The forgotten growing pains of American fiction. Jun 24, 2013, Vol. 18, No. 39 • By ANTHONY PALETTA
For all of the just wars that have been fought over the cultural canon, one genuine benefit of the (still somewhat undulating) critical consensus is that it’s a pretty genuine aid for determining what you really needn’t bother reading right away. Or, as a professor once said while wielding Samuel Richardson’s 1,534-page doorstop Clarissa, “I’ve read it. You don’t have to.” So it is with most longitudinal surveys of literature. Which isn’t to say that the original material isn’t worth hearing about: Clarissa would still appear late on my when-eventually-marooned reading list, but the Clarissa lecture was excellent.
Truth’s Ragged Edge offers exactly such a fascinating survey of the nascence of the American novel, in an account of a literary era that has been done a unique injustice by the traditional best-of approach. Most of the obscure works profiled (that I’ve read) surely aren’t worth your time, but there’s plenty of middle ground between prim epistolary novels and early American classics worth learning about and, in some cases, plunging into. Hawthorne and Melville didn’t simply germinate out of imported English soil; the American background out of which they sprang is a rich one.
Early American novels, like their counterparts across the Atlantic, were largely morality tales of individual virtue triumphant over, or quashed by, malicious circumstance—although peppered with distinctive American circumstances. Susanna Rowson’s Charlotte Temple (1791), one of the earliest of American novels, offered a rote message against capitulation to feeling. Not long after, we dig into some more substantive American-ness. Hannah Webster Foster’s The Coquette (1798) drew inspiration from the story of a prominent woman’s death shortly after a stillbirth: Accusations soon emerged that the father, her second cousin, was none other than Jonathan Edwards’s youngest son. Foster’s heroine, however, is independent-minded. She doesn’t wish to marry and is repeatedly duped by the men around her. Her misfortune is less a straightforward result of waywardness than of an unenviable shortage of opportunity. The heroine argues that her behavior is not “coquettish” and “deserves a softer appellation,” springing, as it has, from “an innocent heart.”

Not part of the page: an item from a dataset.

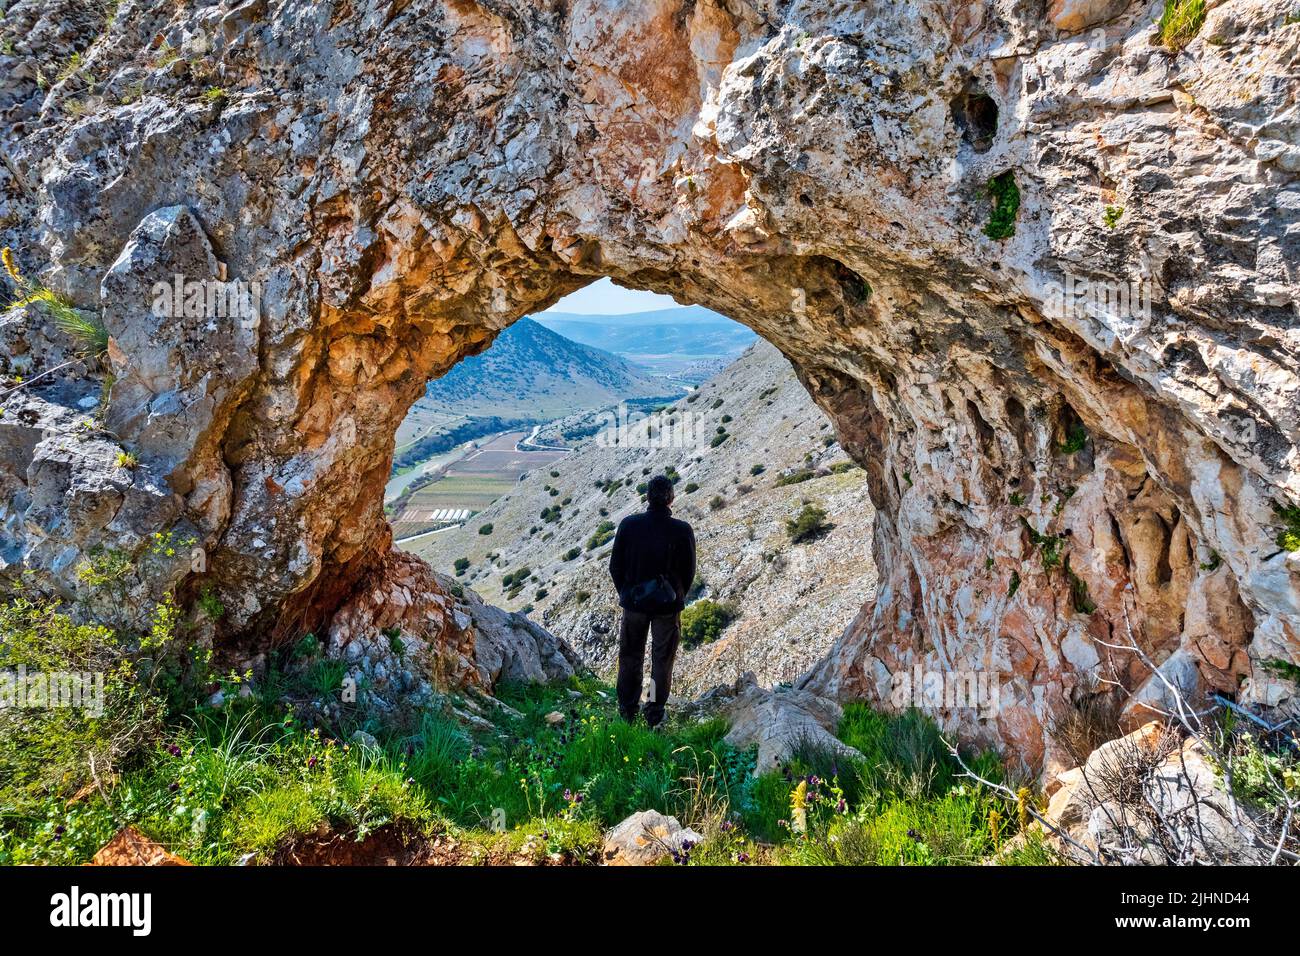 'Tripimeni' Un arco natural rocoso sobre el valle del río Xirias ('Titarisios') y la carretera Tyrnavos-Damasi. Larissa, Tesalia, Grecia. Foto de stock

Charles Brockden Brown, who fashioned one of the first American literary careers, probably offered the first iteration of the American Gothic, in a surreal melding of emotive spirituality and hallucination-inspired murders, complete with a dose of ventriloquism. James Fenimore Cooper naturally crops up, and with good reason—although his moment in the sun may have peaked with his inclusion in D. H. Lawrence’s Studies in Classic American Literature in 1923. More colorful contemporaries remain unknown: There’s John Neal, whose Logan: A Family History (1822) is in fact a family history about a white man wed to a Native-American woman and living with her tribe, thus addressing directly topics that Cooper only elided.
As Gura describes it:
For Neal, however, interracial relationships could be the very basis of a novel’s plot. After settlers kill his wife and family, Logan runs amok against whites. The handsome raven-haired Harold, who lives among the Native Americans and thinks he is one, is actually the sole surviving child of the Logan family massacre. In an act that borders on rape, Harold impregnates Elvira, the colonial governor’s wife, while she is half-asleep. The reader subsequently learns that she has long been infatuated with Logan [the father] and views the striking, dark Harold as a comely surrogate. Learning of this strange nighttime tryst, the governor banishes Harold to the wilderness, where he meets his father, Logan, and discovers his true heritage.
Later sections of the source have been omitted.